Calculus Question: Polar Graphs and Area

[StudioAudience]

The question is if you have the equation r^2 = cos (n*theta), where n is some positive integer, how would you go about finding a general formula to calculate the area?

I'm stumped, and have only got the following so far:

The graph of this is going to be some sort of petal shaped thing, with the values of r^2 being equal to a negative number being discarded for obvious reasons.

If you have a value such as n = 2 and theta = 0, however, you get r^2 =1, which means r could be +/- 1. Does this mean I would plot a value of r at (0, 1) and (pi, 1)? The last coordinate is gotten using the fact that (-r, theta) = (r, pi+theta).

I know the formula for getting an area section is by integrating from a to b w/ the equation r^2*(dtheta), so if I could somehow figure out how many petals an integer n would yield, I would be closer, I think.

Any tips/hints would be appreciated!

 

[saymyname]

I don't mean to thread crap, but I'm curious if anyone here remembers this stuff still if it's been over 5 years since they did it and used it?

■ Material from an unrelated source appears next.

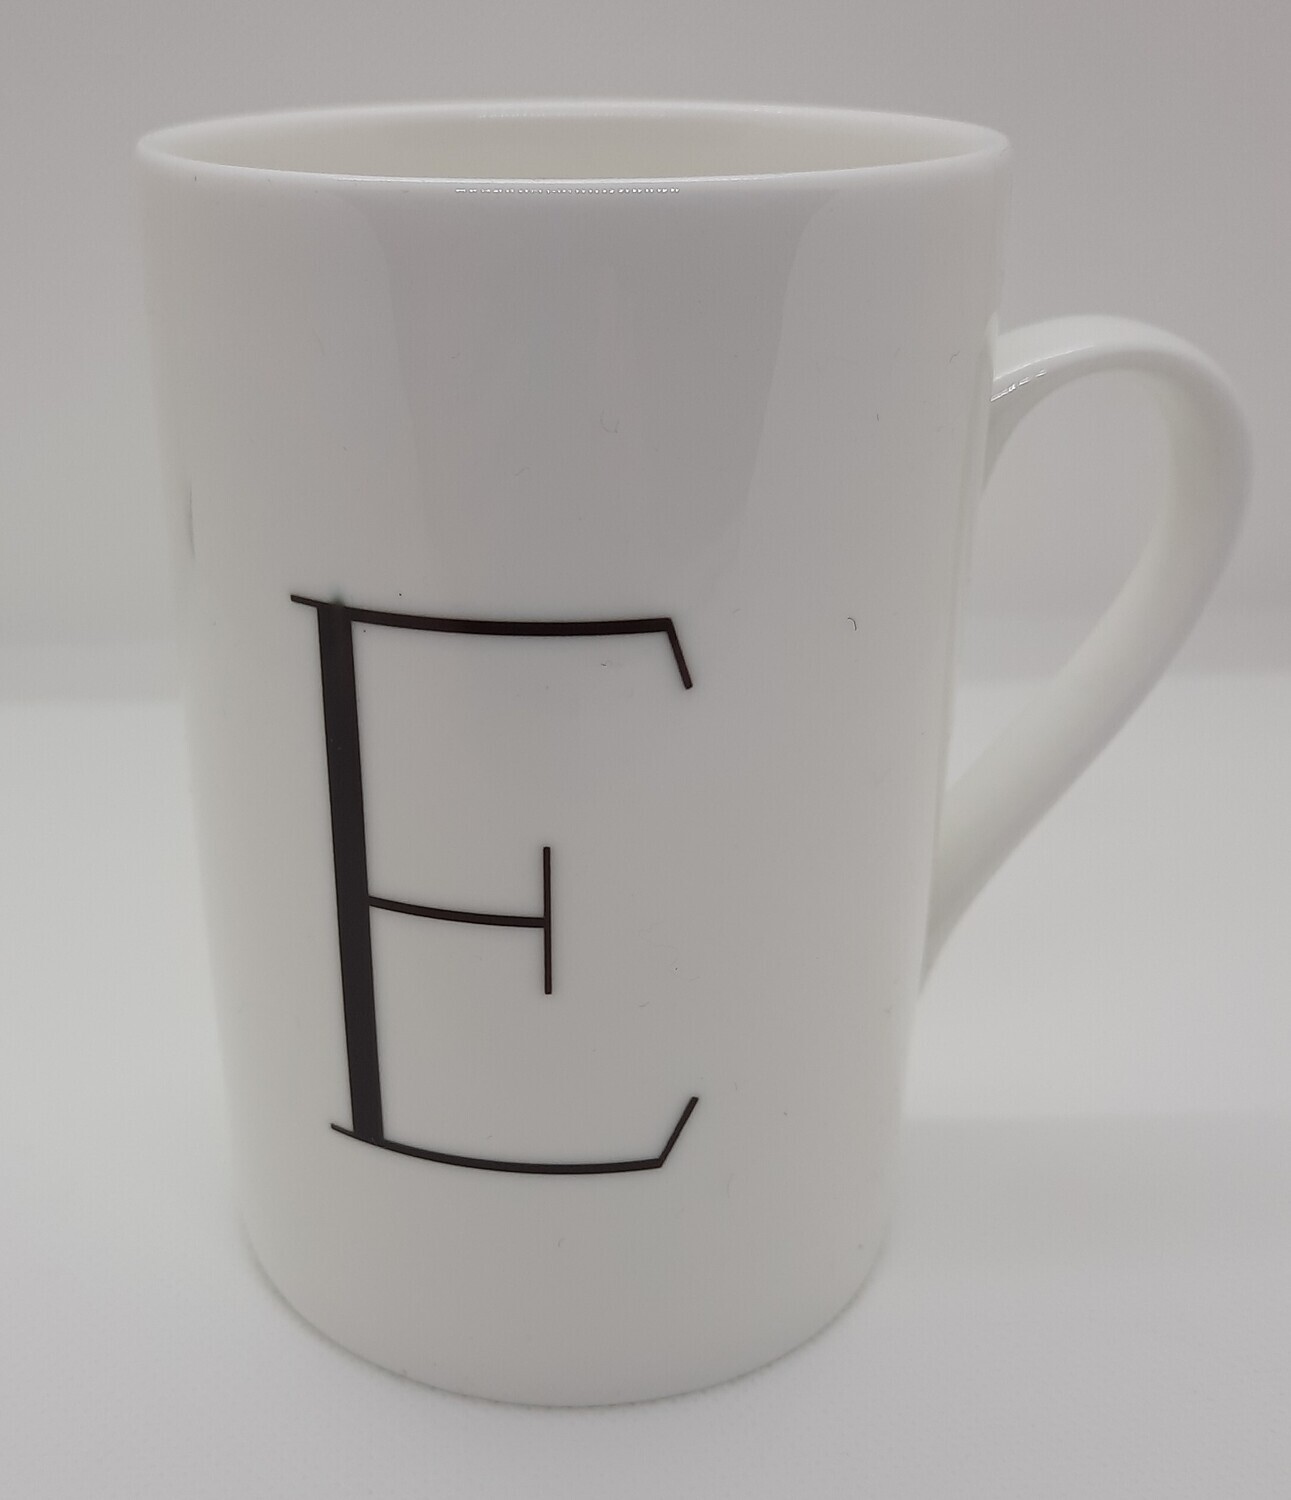 Sehr edle schlanke Porzellantasse mit einem edlen Monogramm bedruckt. Die  Tasse ist sehr leicht und dünn.

I'm sure I could review it and learn it real quick, but seriously, who can answer this who hasn't just recently studied it?

 

[chuckywang]

You have to think about what you're integrating over...ie what values of theta. Also, make sure you remember dx dy = r dr dtheta

 

[fitzov]

math is fun

 

[Amplifier]

not to interupt but im wondering do you think it would be worth it to get another 7800gt or hold out for the 8 series*


*no radeon cards those always sux

 

[cleanerupper]

get teh radeon xtxxxxtxxx 2800xtx

 

[esun]

Wait, as I understand it, the area is r^2 dtheta, or cos (n * theta) dtheta (let t = theta for convenience).

Hence, you just need the integral of cos (n * t) dt, which is (1 / n) sin (n * t), correct? Evaluated from a to b would be:

(1 / a) sin (a * t) - (1 / b) sin (b * t)

I don't know if this is right since I haven't done polar stuff in ages.